Les entreprises qui recrutent ces profils atypiques s’en félicitent, et pas seulement dans le numérique ou l’ingénierie, où ils excellent. « Ils sont précieux pour beaucoup de métiers où ils peuvent exprimer leurs qualités et leurs talents, surtout dans le domaine des jeux vidéo », reconnaît Pierre Escaich, directeur du développement de Massive, une filiale d’Ubisoft, père de deux garçons diagnostiqués TDAH et HPI, et lui-même TDAH.

« Ils font preuve d’une très grande créativité, de beaucoup d’imagination, poursuit-il. Leur capacité de visualisation en 3D est supérieure à la moyenne, ils voient avec des scènes, des couleurs, des filtres différents. Les autistes surtout sont capables d’intégrer beaucoup d’informations et de détecter des patterns [modèles], des schémas. C’est tout sauf un handicap ! »
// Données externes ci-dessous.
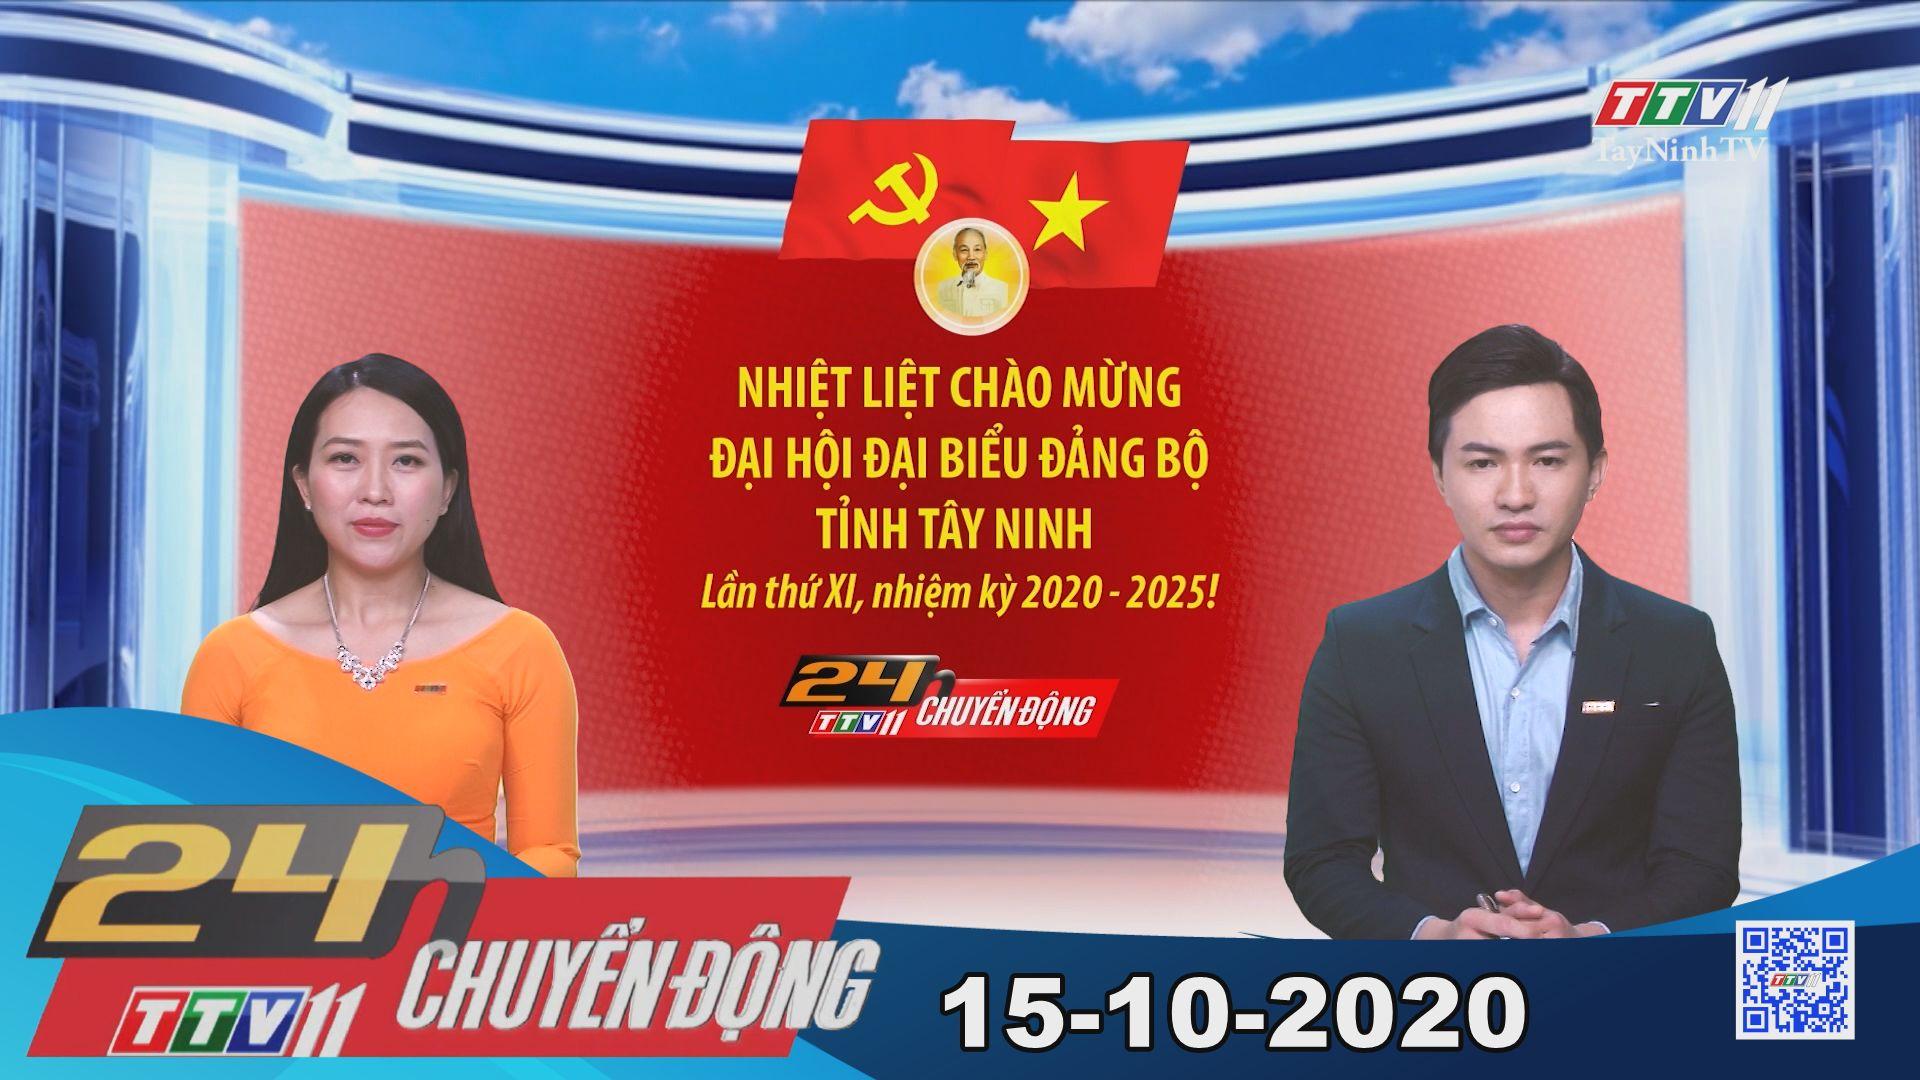 24h Chuyển động 15-10-2020 | Tin tức hôm nay | TayNinhTV

Fort de ces convictions, Pierre Escaich a créé un groupe d’échange sur la neurodiversité au sein d’Ubisoft. Lancé début 2021, ce groupe rassemble à présent 220 personnes dans une quinzaine de pays où l’éditeur de jeux est présent. Des forums de discussion permettent de parler de ses troubles, de partager et de s’entraider, « car il existe encore de grandes différences d’un pays à l’autre dans le diagnostic, le statut et la reconnaissance de ces maladies dites “mentales” », conclut Pierre Escaich.

Quelques chiffres

600 000 adultes en France ont un trouble du spectre de l’autisme, dont la moitié seraient des autistes Asperger, indique le secrétariat d’Etat chargé des personnes handicapées.

De 10 % à 20 % environ des salariés seraient neuroatypiques, c’est-à-dire présentant des troubles cognitifs tels que DYS (dyslexie, dyspraxie, dyscalculie…) ou trouble déficit de l’attention avec ou sans hyperactivité, selon l’ONG Dyslexia International.

11% des salariès du secteur des jeux vidéos au Royaume-Uni se disent « neuro-divergents »

1 % seulement des adultes Asperger sans retard mental, en France, ont une activité professionnelle, alors qu’ils sont 18 % en Grande-Bretagne, d’après l’association Autisme Europe.